The dynamic binding model essentially allows mixins to existing classes, which is very much like protocols in Objective-C and other late binding languages like Scheme. There are a couple of reasons I like this in Codea:

– I think it’s more intuitive for beginners (yes, really). My feeling is that a user who changes a base-class method will be surprised when his derived class doesn’t use that method (which is what happens with the current shallow copy model). In my dynamic model there is only ever one copy of a given class method, and changes to it are instantly picked up everywhere (existing instances and existing derived classes).

– It allows better reuse of existing classes. This is particularly true when you use dependencies to pick up existing classes. Say you want to use an existing class but with a minor tweak to a single method. At the moment, you could clone the entire class and modify it (bad). Or take a dependency and sub-class it to add your new method. But this doesn’t work for other classes that already derive from this class. With dynamic binding all you do is take a dependency on the class, then just mix-in your modified method. Voila! Everyone starts using the new method, even existing classes derived from that base class, without you touching the code (so you can import more dependencies and use them unchanged).

Here’s a real example. You are using a class, “Widget”, which you added to your project through a dependency. You have lots of calls to Widget.doit() scattered about your code, but have a bug you cannot track down.

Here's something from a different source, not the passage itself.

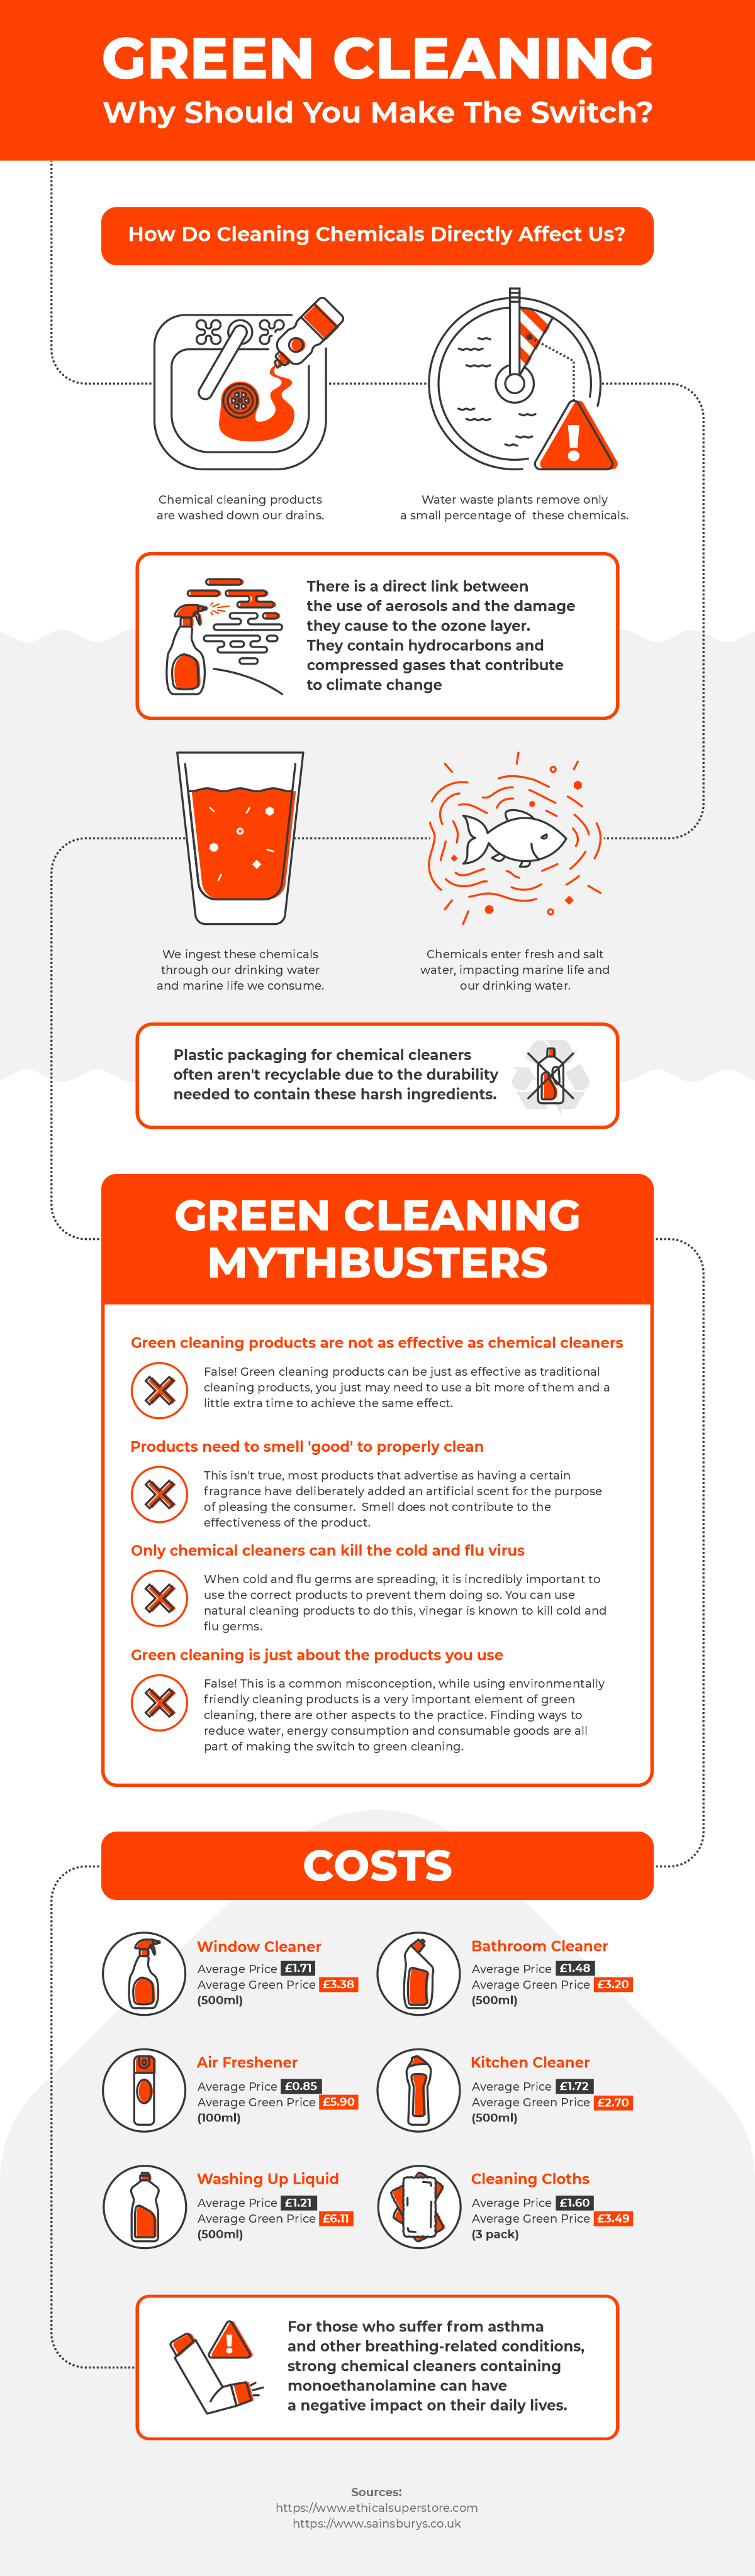 Switching To Green Cleaning

To help track the bug down, you decide to add a temporary “print()” statement in Widget.doit() so you can track down what is going on. How do you do this?

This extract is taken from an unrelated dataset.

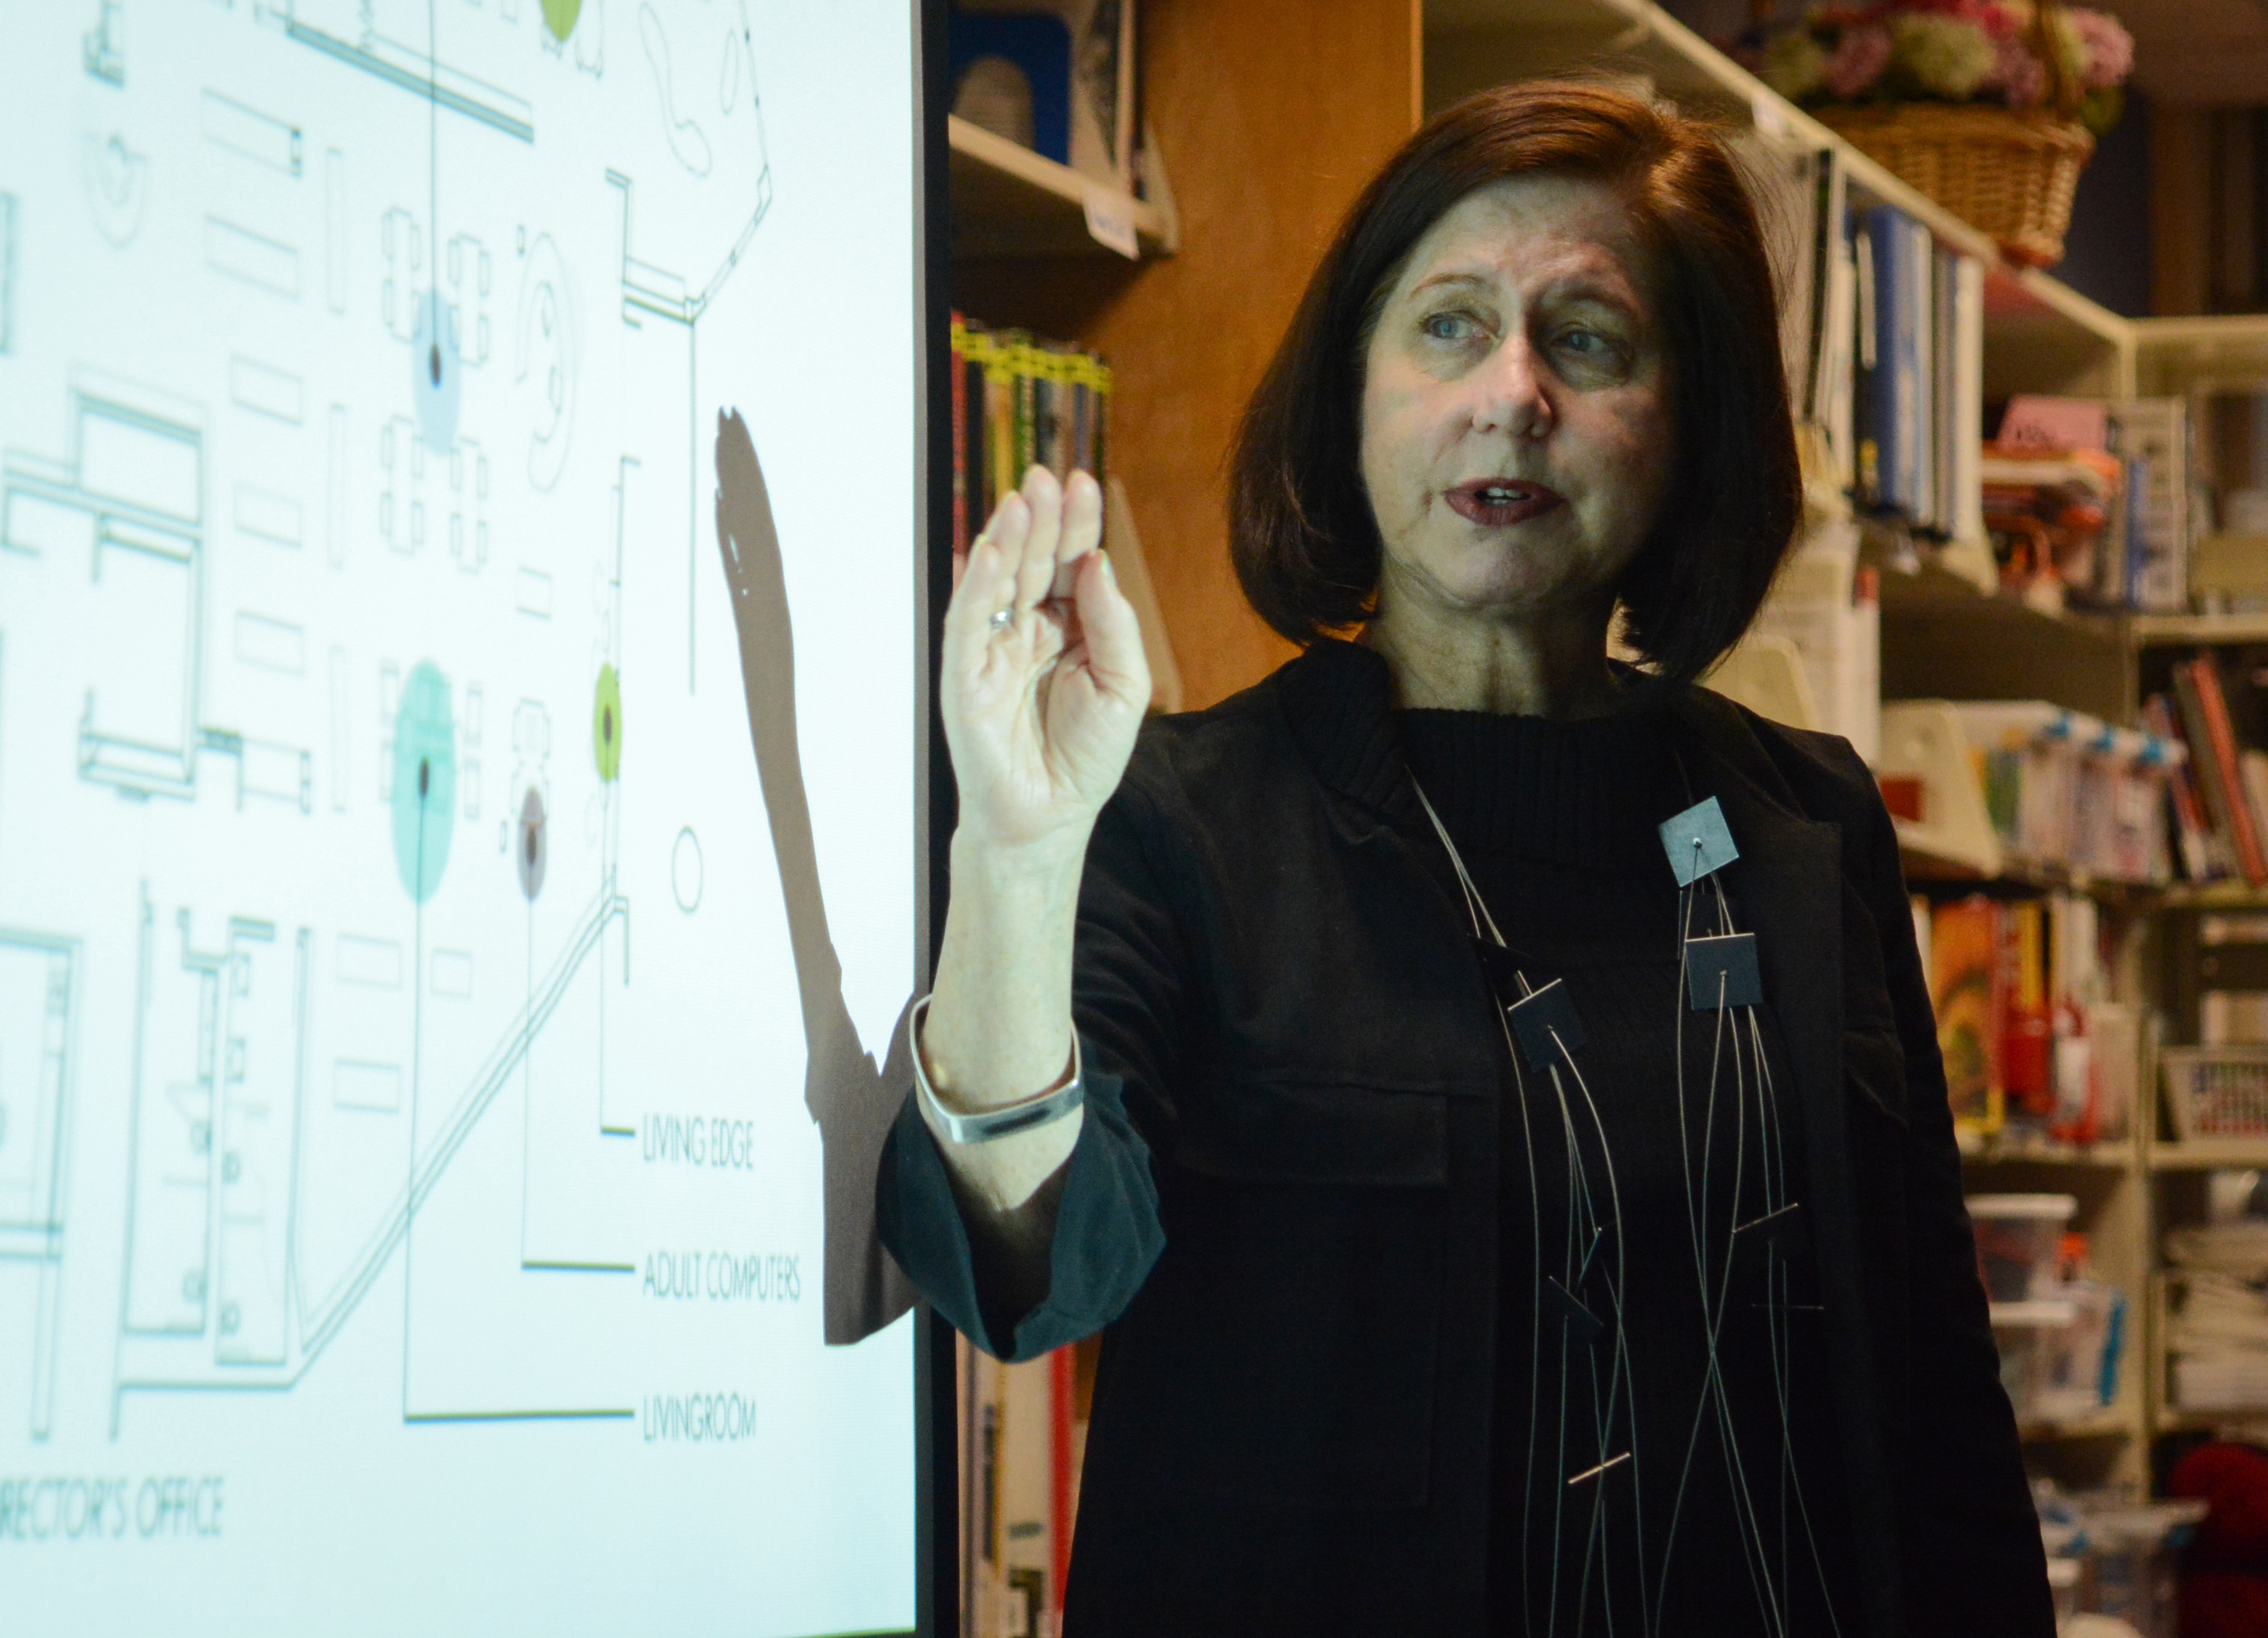 Elisabeth Martin, a principal at the architectural firm MDA designgroup, explains parts of a draft plan for Station Branch. (Photo by Janelle Clausen)

With the existing model, you have to modify the external Widget dependency class (and thus have debug code injected into other projects as a side-effect). But with the dynamic model, you can inject a private Widget.doit() into the Widget class only for this project:

Widget.olddoit = Widget.doit
function Widget.doit(x, y)
    print(x, y)
    return Widget.olddoit(x,y)
end

Add that code to “Main” and you’re all set to go. When you find the bug, delete it and you are done.

@drtimhill I agree that colliding names could produce undesirable results but hiding _Root wouldn’t prevent it being overridden.

SomeClass = class()
_Root = getmetatable(SomeClass)

However adding another reserved name can still be avoided by switching class to be a table with a __call metamethod instead of a function. It would be more consistent with other parts of the Codea API by adding the possibility of exposing class related static functions in Codea’s API.

For example

class.is_a(instance,MyClass)

Is shorter and clearer to write than:

type(obj) == "table" and obj.is_a and obj:is_a(MyClass)

Another benefit is that it could also introduce a possible extensibility mechanism such as below where the function that creates new classes, the base class table and metatable that is assigned to class tables (which enables access to the __call metamethod that creates instances) can all be overidden naturally via the public api.

class = {}
class.metatable = {
    __call = function(class_tbl, ...)
        local obj = setmetatable({},class_tbl)
        if class_tbl.init then
            class_tbl.init(obj,...)
        end
        return obj
    end
}
class.is_a = function(self, klass)
    local m = getmetatable(self)
    while m do 
        if m == klass then return true end
        m = m._base
    end
    return false
end
class.new = function(base)
    base = base or class.base
    local c = setmetatable({}, class.metatable)
    for i,v in pairs(base) do
        c[i] = v
    end
    c.base = base
    c.__index = c
    return c
end
class.base = {}
class.base.is_a = class.is_a

setmetatable(class,{ __call = function(self,...) return class.new(...) end })

TestClass = class()
function TestClass:init()
    print("TestClass.init")
end

TestClass1 = class(TestClass)
function TestClass1:init()
    TestClass1.base.init(self)
    print("TestClass1.init")
end

function setup()
    TestClass1()
end

Regarding your Widget class example, I can certainly see that it could be convenient to write in some circumstances whilst debugging and I agree that it may be easier for a beginner who has a basic grasp of dependencies and overriding to understand, although I suspect most would probably just modify the original function anyway.

However I would solve the problem differently using function hooking and a few peices of known information to my advantage:

• Codea executes tabs in the order, dependencies tabs in project tab order first to last excluding Main tabs then the project tabs first to last including the main tab and then it calls setup()
• Objects that inherit and override the function to debug will call it directly with BaseClass.func so they can be safely ignored (unless their implentation contains the problem, but if thats the case you are debugging a different function)
• The object(s) to be debugged are known.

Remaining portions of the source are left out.